WORK REQUIRED:
Your job is to print, exactly, the lines in the data below from the line with "Oras, pensamos que" through the line with "Красивые картинки с цветами для афиши целью", both included, and to omit any picture.

SUPPLIED RECORDS:
--------------------
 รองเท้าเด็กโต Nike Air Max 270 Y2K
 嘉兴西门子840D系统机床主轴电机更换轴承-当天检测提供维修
--------------------
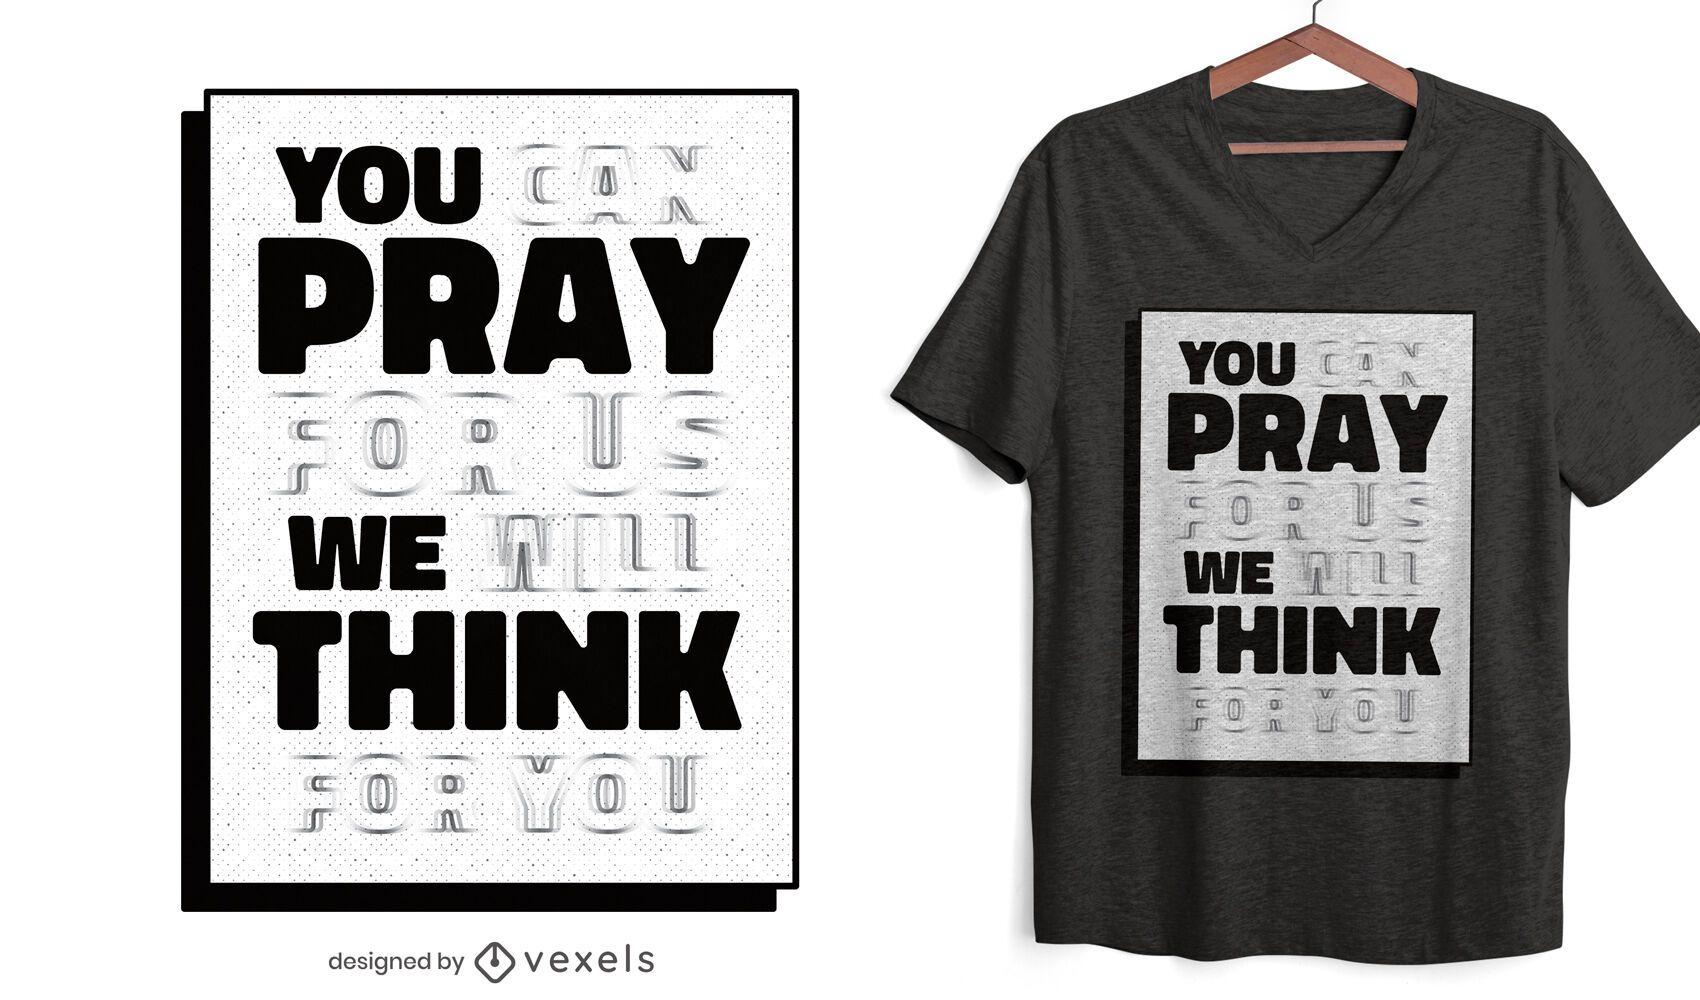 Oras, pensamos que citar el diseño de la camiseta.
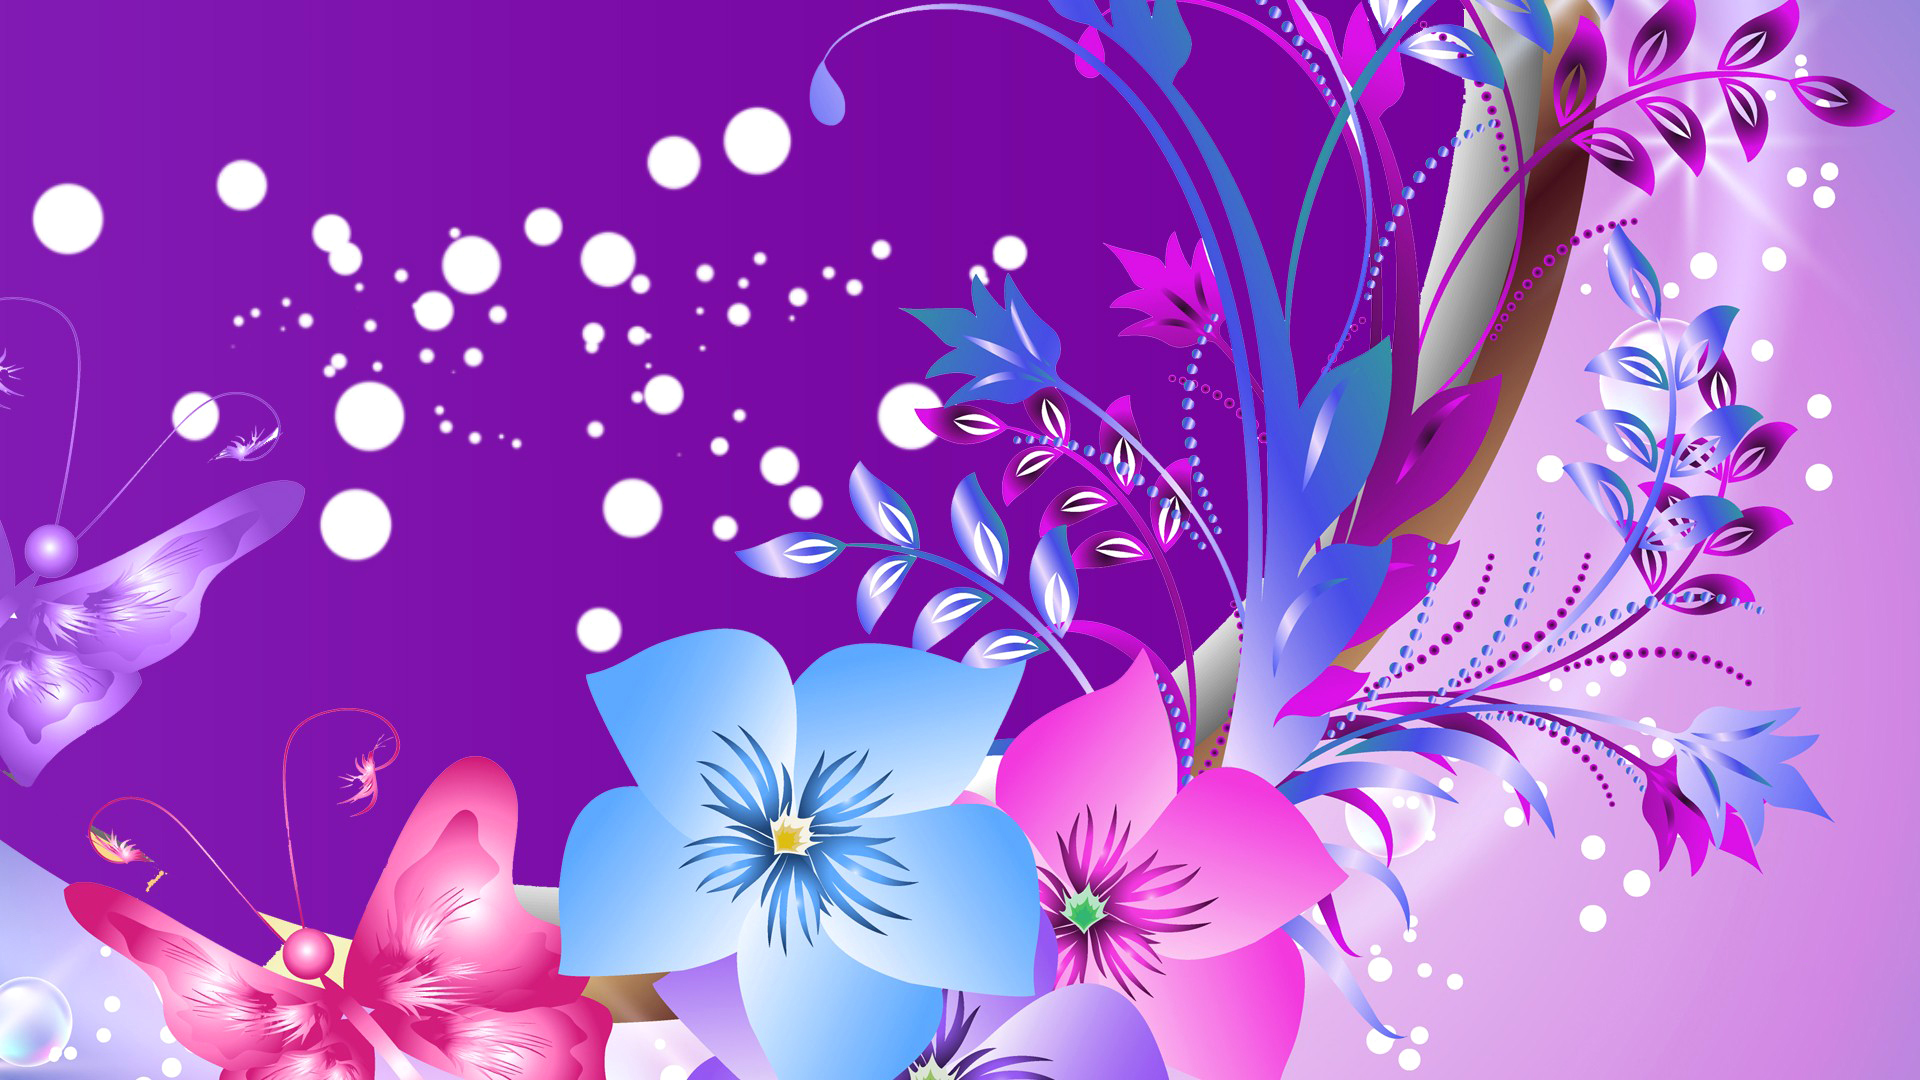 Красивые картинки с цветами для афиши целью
--------------------
TASK ANSWER:
 Oras, pensamos que citar el diseño de la camiseta.
 Красивые картинки с цветами для афиши целью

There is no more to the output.